Solía imaginarme mi mente como una bodega eterna de archivadores apilados que se perdían de vista en el alto techo, muchos de ellos clausurados por el miedo que tenía de abrirlos, muchos otros estaban sumidos en la oscuridad de la negación y la vergüenza. Era una vista opresiva, que me hacía cerrar la puerta con temor a los monstruos que habitaban esos archivos.
Le temía a mi propia mente, y al límite de su resistencia, me aterrorizaba la pérdida de la cordura debido al dolor de la realidad. Pasaba mis días caminando por los afilados riscos de la razón metódica, temerosa de caer en los oscuros abismos que se abrían a mis pies.

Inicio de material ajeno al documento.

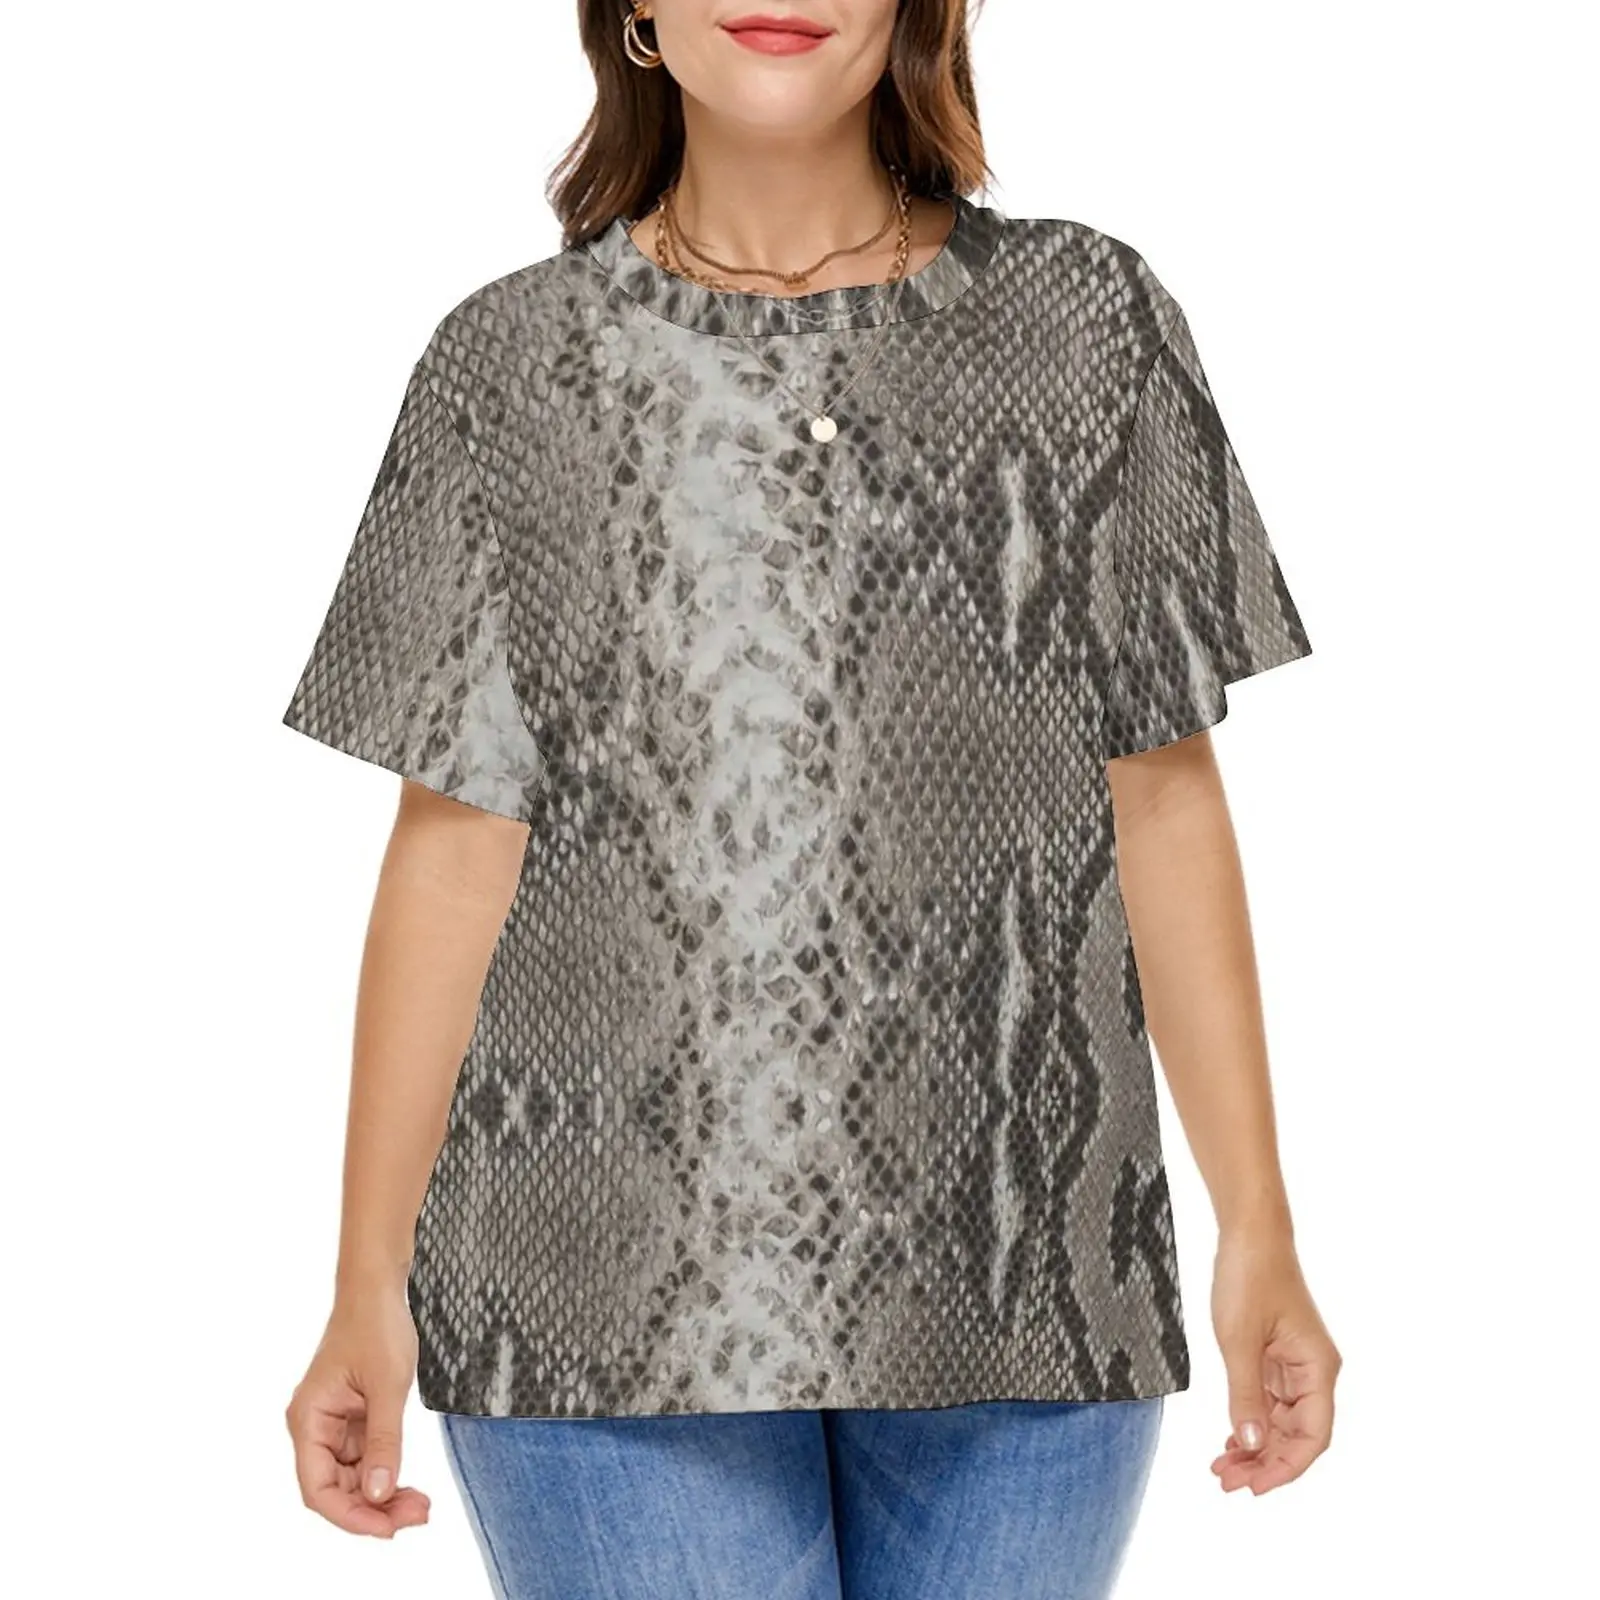 Snakeskin Python T Shirt Classic Faux Animal Skin Print Funny T Shirts Short Sleeve Classic Tees Women Clothing Plus Size 6XL

Cuando el paso me falló, y nadie estuvo para sostenerme, caí a los abismos de la locura, solo para descubrir que estos no eran tales, eran valles y colinas de suave pasto, que acogieron mi caída con la calidez que habita en mis propias profundidades.
Fue la luz de mi nuevo entendimiento lo que iluminó el mundo.

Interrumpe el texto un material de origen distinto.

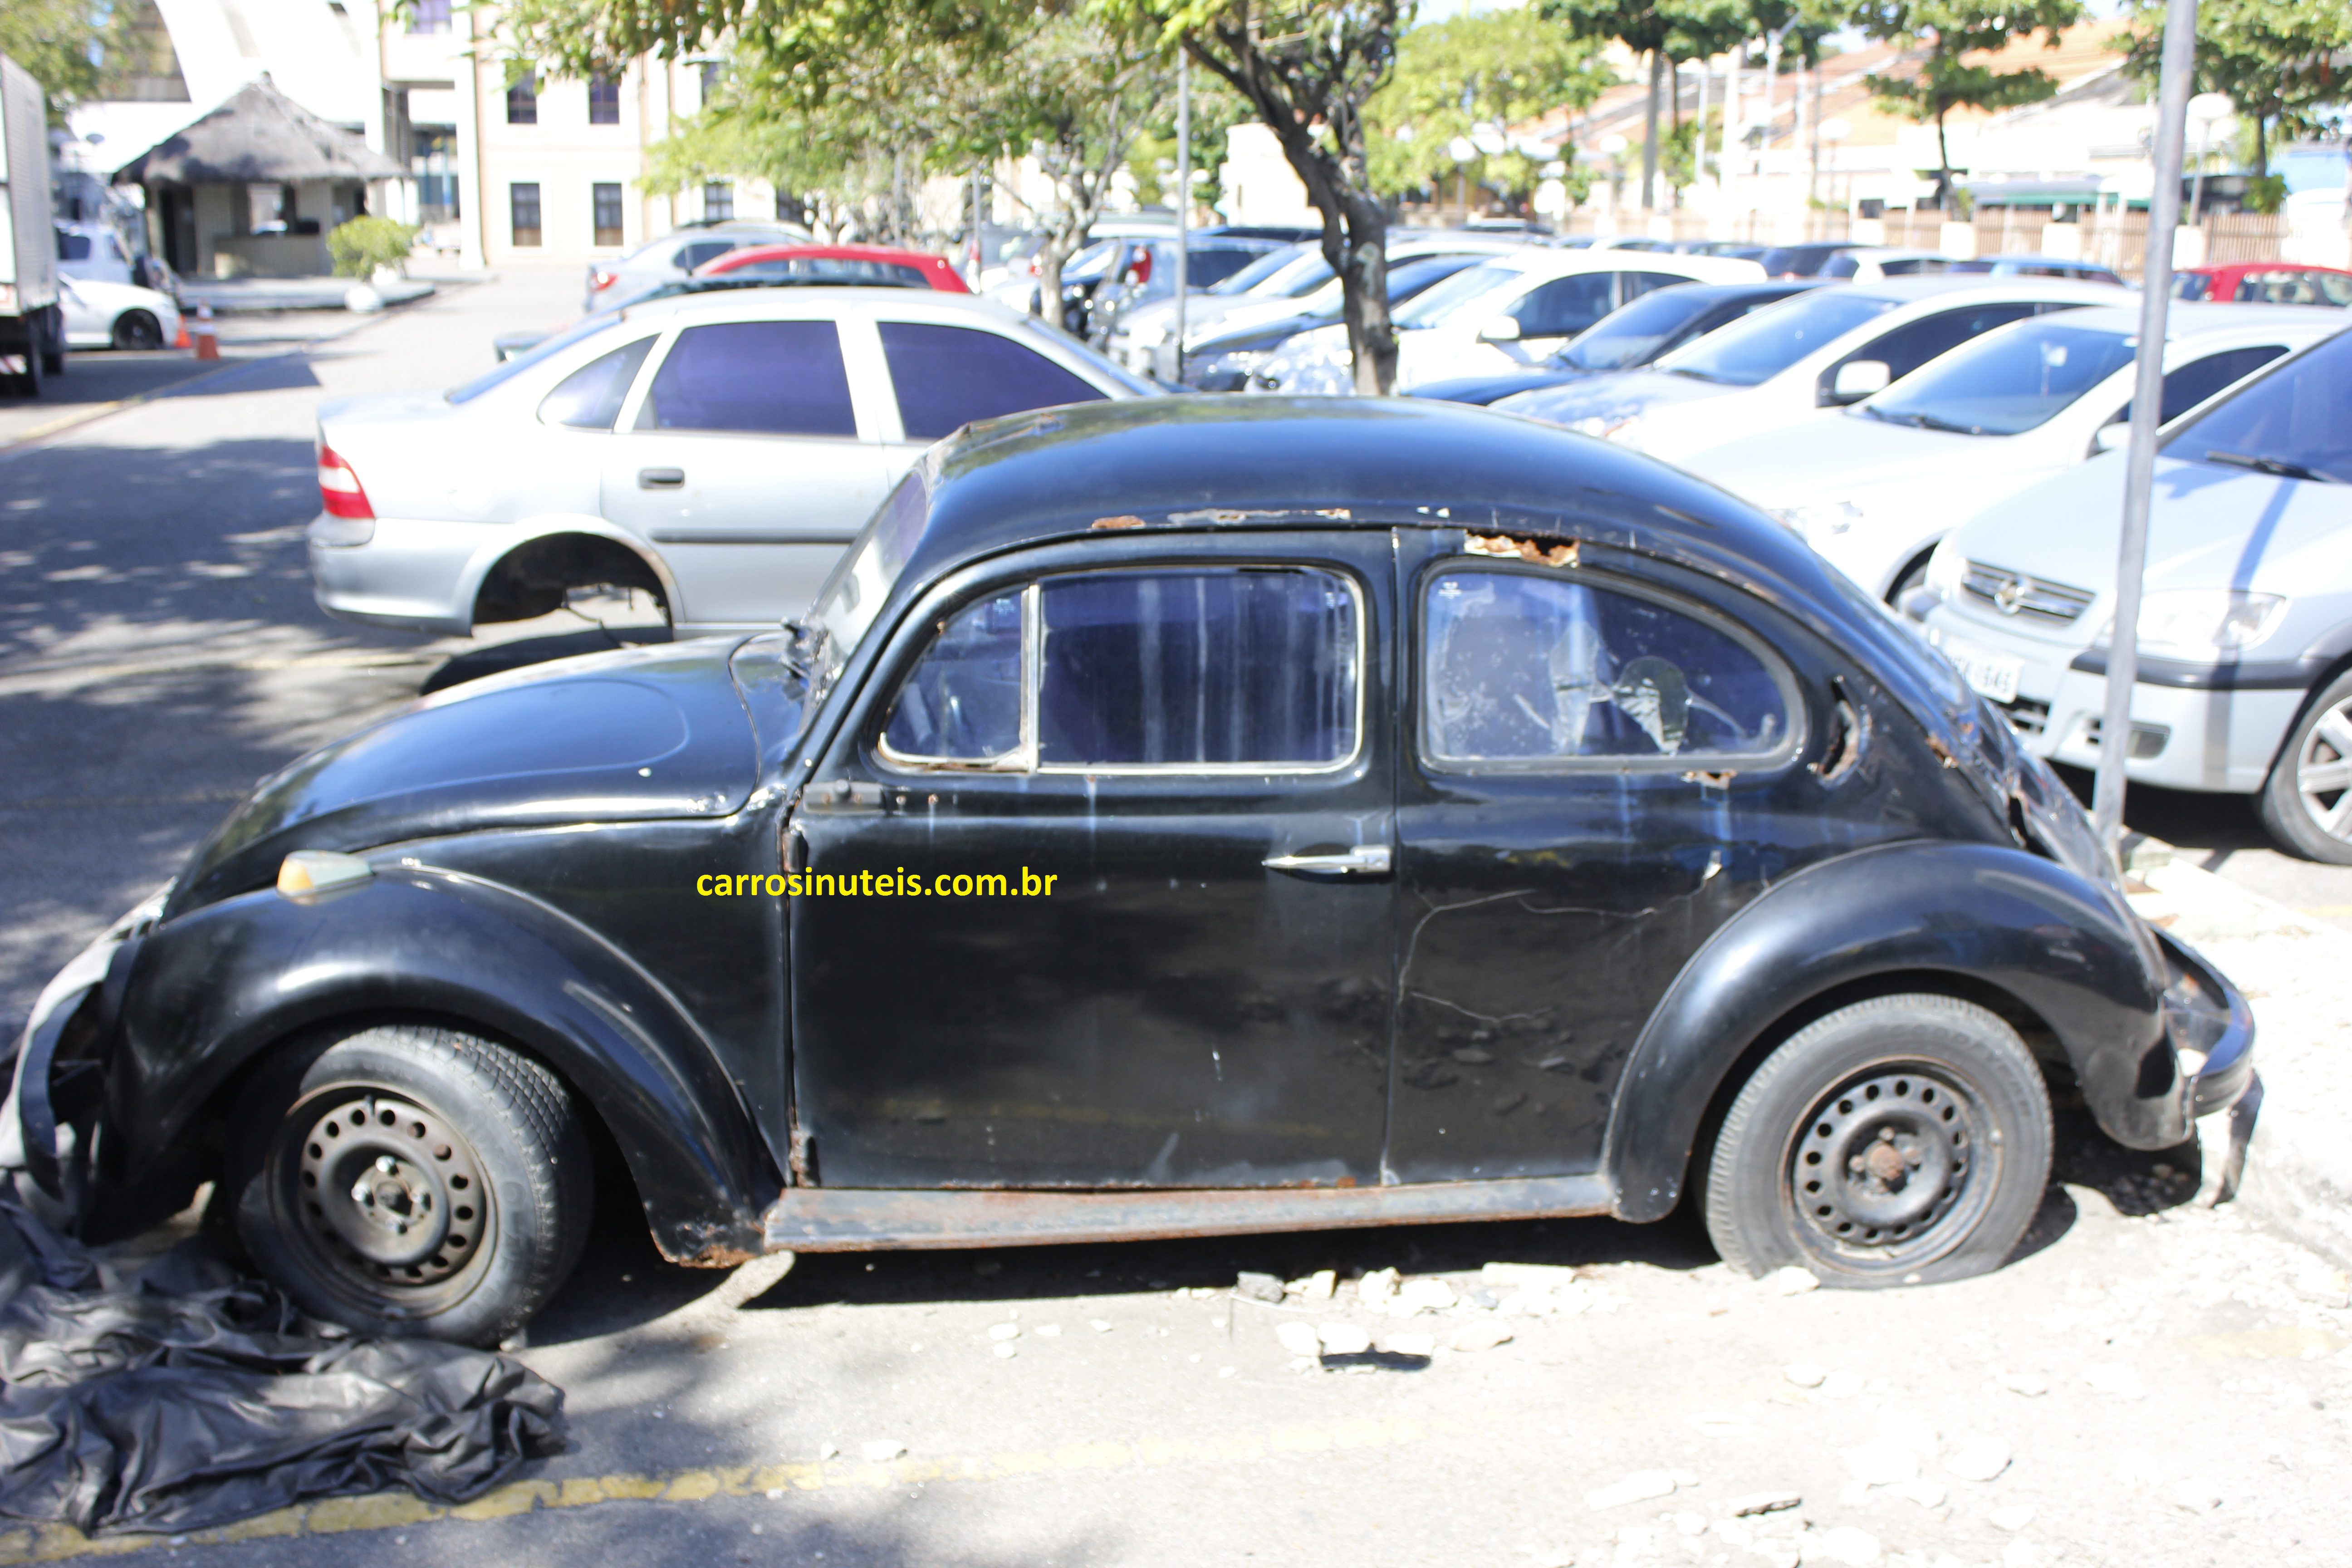 VW Fusca. Davison Gomes – Recife/PE

La tristeza monstruosa y amenazante no era tal, era la cariñosa e implacable mano de la madre, empujándome a crecer en sus caminos. La verdadera suavidad llegó cuando renuncié a la esperanza, cuando abracé lo inevitable, cuando acepté la satisfacción que existe en mi propia resiliencia y mi inflexible implacabilidad.
Ahora, en mi espacio interno no hay rastro del ominoso y amenazante archivo. En su lugar, me recibe una cálida cabaña con una limitada biblioteca, de lo poco que elegí necesitar y salvar después de la caída a los abismales paraísos del descubrimiento, todos los libros han sido leídos y son guardados con amor. Ninguno me asusta, ni siquiera aquellos que se despiden con tragedia.
Puedo tenderme en los cómodos lugares para descansar y disfrutar del cálido sonido del agua correr, de los ronroneos tranquilos a mi alrededor y del espacio bañado por el cálido sol de la aceptación. Puedo comer los deliciosos manjares de la naturaleza y la moderación, puedo conversar con mi cuerpo y modelarlo con los esfuerzos de la disciplina, puedo respirar el aire puro sin la ranciedad de la infelicidad autoimpuesta.
La pesadilla está afuera, cuando me asomo a las ventanas polarizadas de mi cabaña cerrada puedo ver a los monstruos danzando descontroladamente alrededor de las hogueras en las que se cocinan los corazones tiernos, y mi resolución de sellar la puerta que me conecta con el exterior se fortalece cada vez más, especialmente cuando escucho sus lascivas garras golpear.
Todo el tiempo la calidez estuvo aquí, la verdadera aceptación, la satisfacción, la tranquilidad y la felicidad al despertar cada día, todo estaba en el propio interior. Que demenciales parecen ahora los esfuerzos por buscarla en el exterior.